Настоящий разгул стукачества – на «красных» зонах, там, где рулит администрация. Стукачей там некому наказывать, и все стучат друг на друга. Все зарабатывают себе таким способом УДО и «химию». На «черных» зонах, где порядок в зоне обеспечивается воровским законом, стукачам приходится туго. Отвечать им чаще всего приходится собственной жизнью, поэтому желающих нажиться на благополучии товарищей там не так много.
Наша зона не была «красной», но и по‑настоящему «черной» я бы ее тоже не назвал. Общий режим, в основном первоходочники, еще не усвоившие хорошо тюремные правила и традиции. Стукачей время от времени вычисляли и били или опускали, если им не удавалось вовремя ломануться на вахту. После этого они неизбежно попадали в отряд хозобслуги, вступали там в СВП (секцию внутреннего порядка), носили красную повязку на руке, изображали из себя дружинников, сидели в проходных локальных зон и всячески помогали лагерной администрации. Они зарабатывали условно‑досрочное освобождение, которое никаким другим бесплатным путем получить было нельзя. За деньги, разумеется, можно. Но за очень приличные деньги.

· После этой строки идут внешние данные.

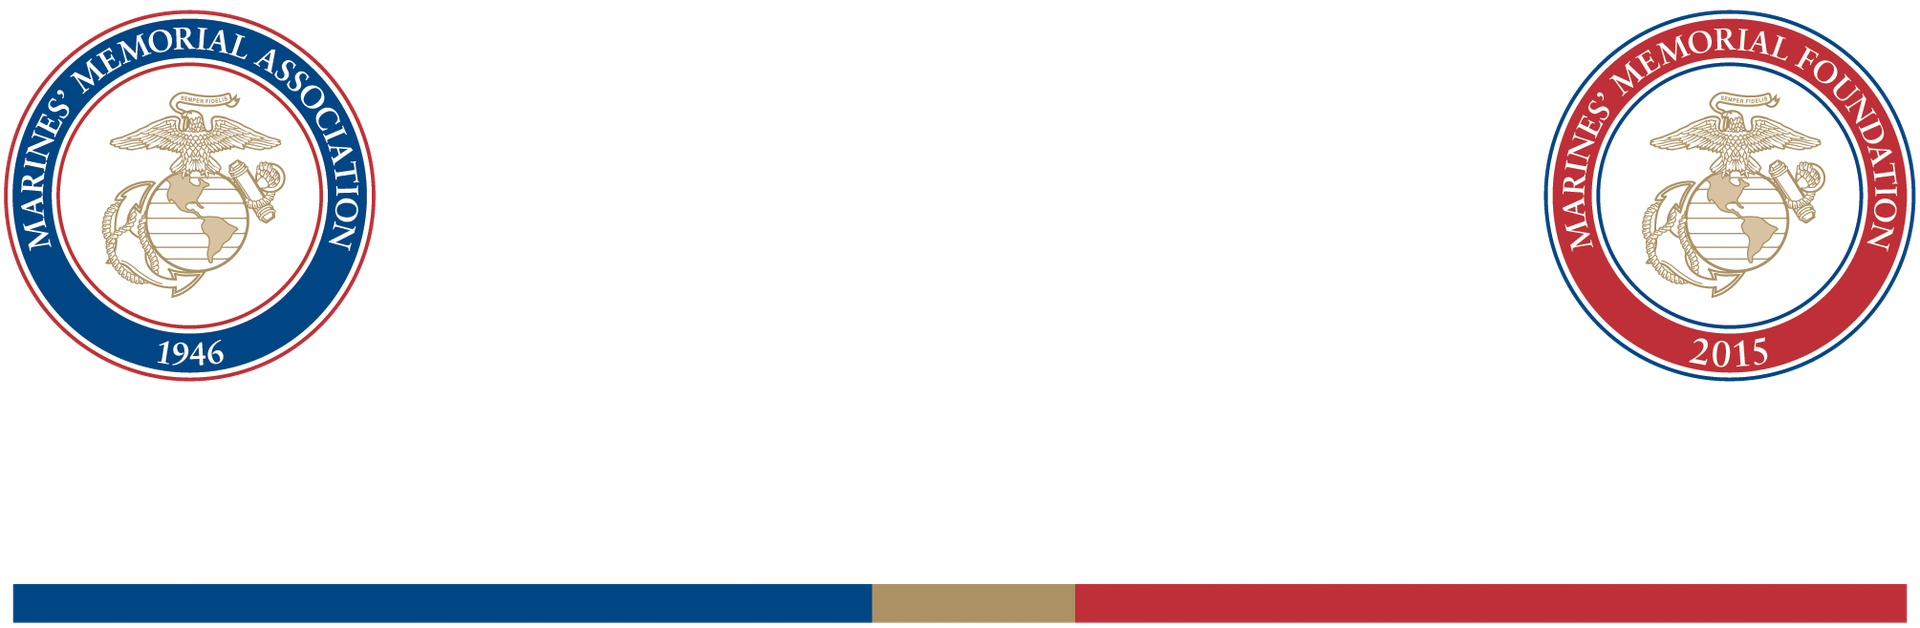 Marines' Memorial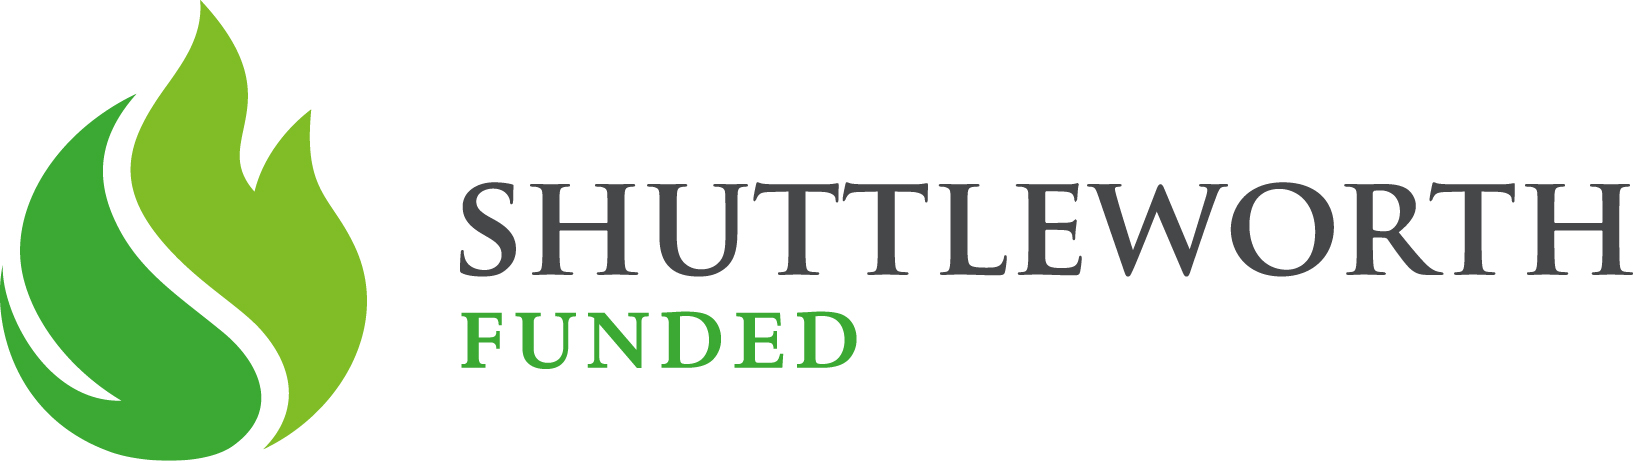 Shuttleworth Funded logo

Между отрицаловом и сучнёй в лагере поддерживалось неустойчивое равновесие. Никто по‑настоящему не мог взять верх. Лагерное начальство прикладывало все усилия, чтобы зона «покраснела», но вновь приходящие зэки предпочитали в основном воровской закон, который позволял им существовать более независимо и обдуманно. Впрочем, воровской закон – это всего лишь собирательный образ зэковских правил; по нему живут отнюдь не только настоящие воры, которые на самом деле имеют для себя свой, более жесткий свод правил.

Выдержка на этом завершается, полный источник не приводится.